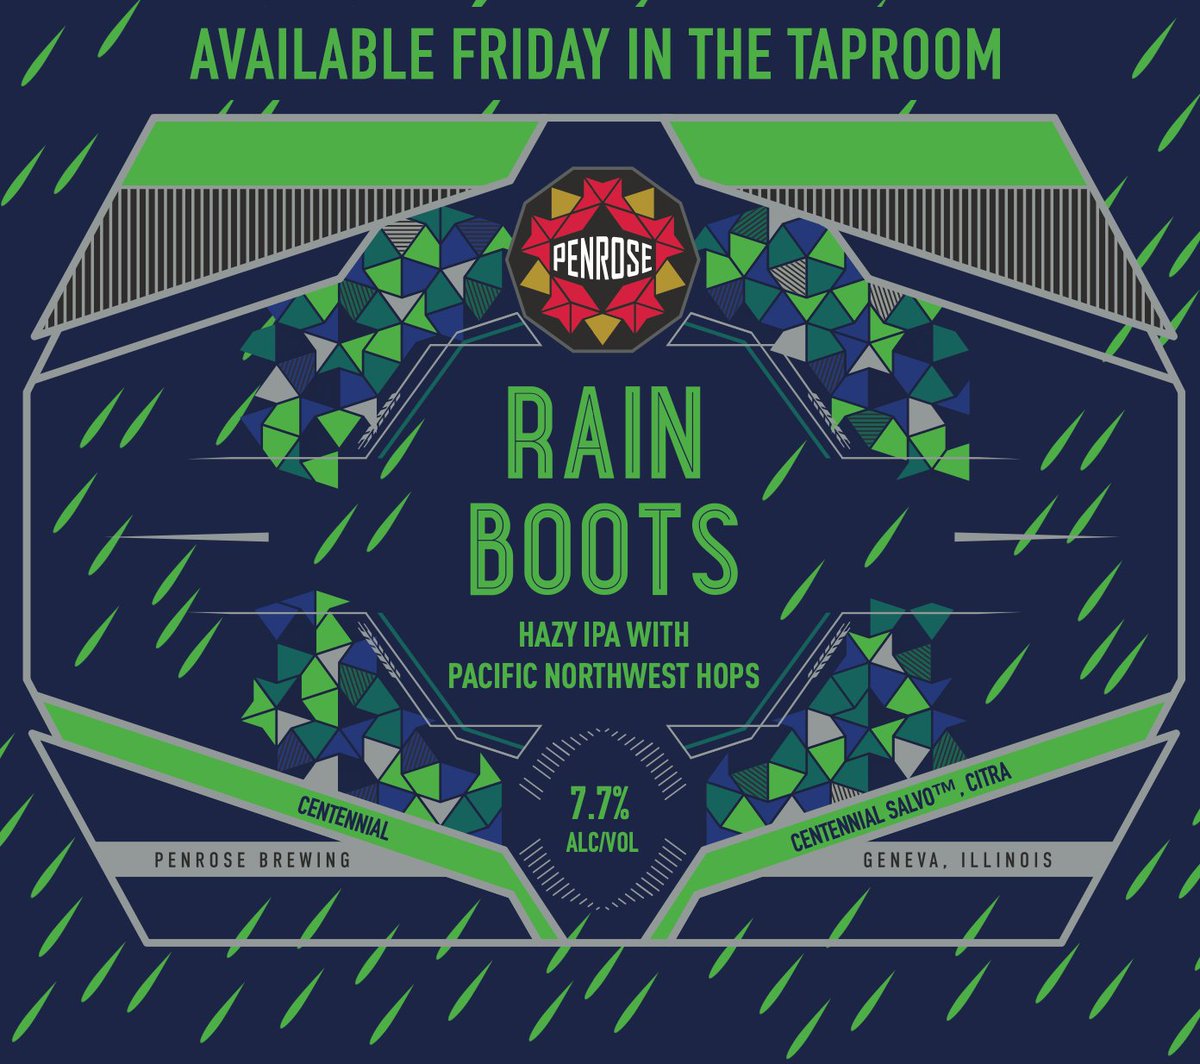 Today's weather seems like a good reason to let you all know what's coming Friday!
The latest addition to the Boots series – a refreshing Hazy IPA crafted exclusively with hops sourced from the lush Pacific Northwest. 
#Penrose #RainBoots #HazyIPA
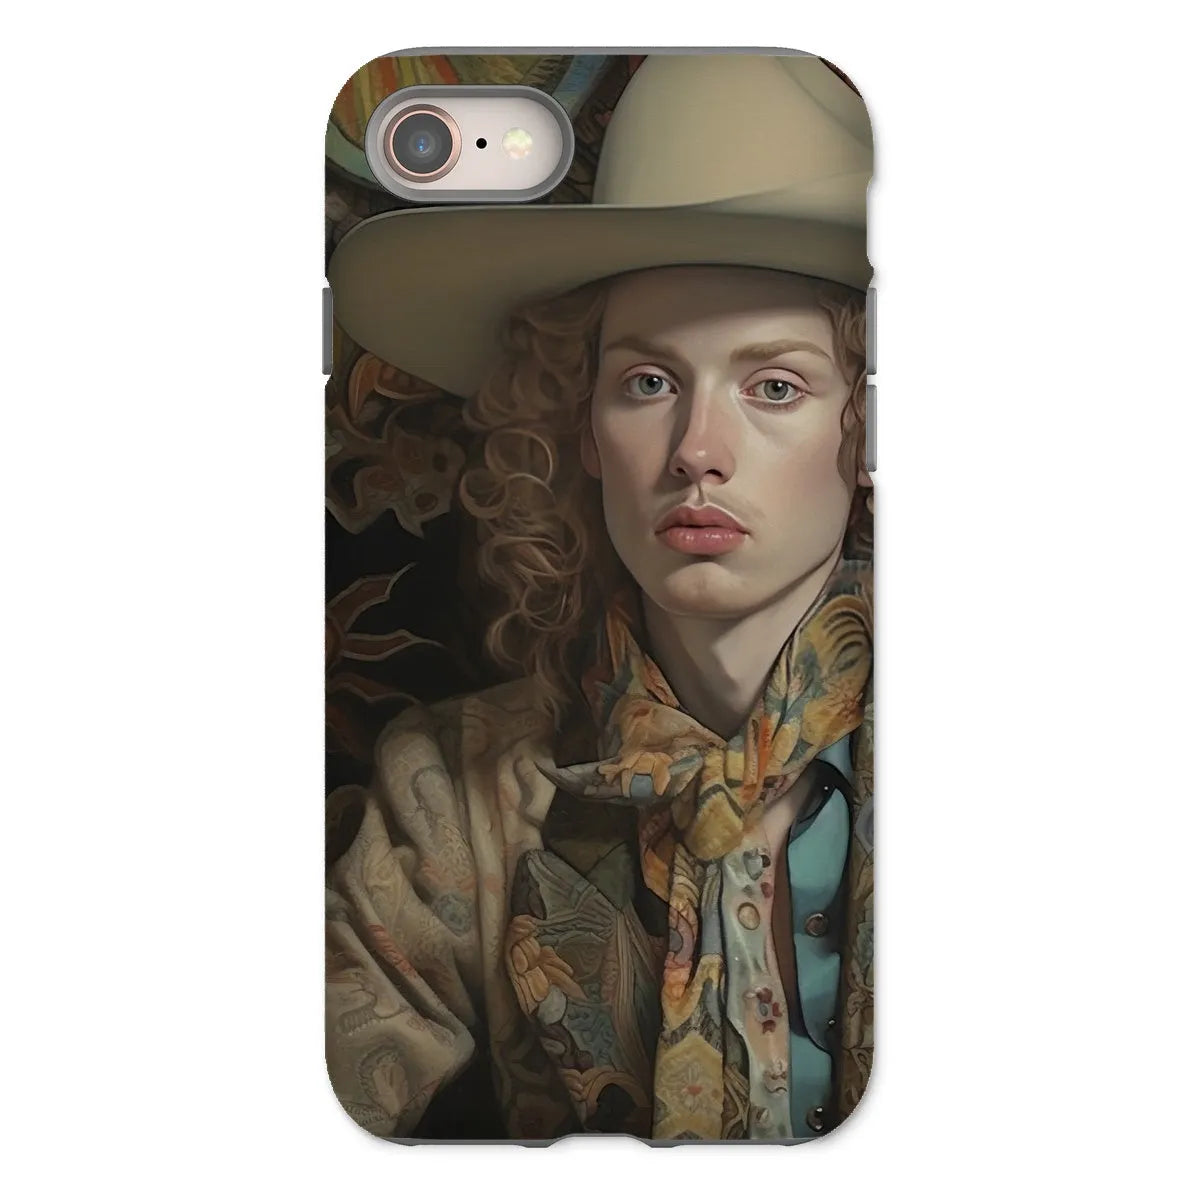 Ollie The Transgender Cowboy - F2m Dandy Outlaw Phone Case - Iphone 8 / Matte - Mobile Phone Cases - Aesthetic Art

_PROBLEM DESCRIPTION_
Write out, exactly and only, the lines from the one containing "#Penrose #RainBoots #HazyIPA" through the last line of the material above. Pictures do not go in the copy.

_WRITTEN REPLY_
#Penrose #RainBoots #HazyIPA
 Ollie The Transgender Cowboy - F2m Dandy Outlaw Phone Case - Iphone 8 / Matte - Mobile Phone Cases - Aesthetic Art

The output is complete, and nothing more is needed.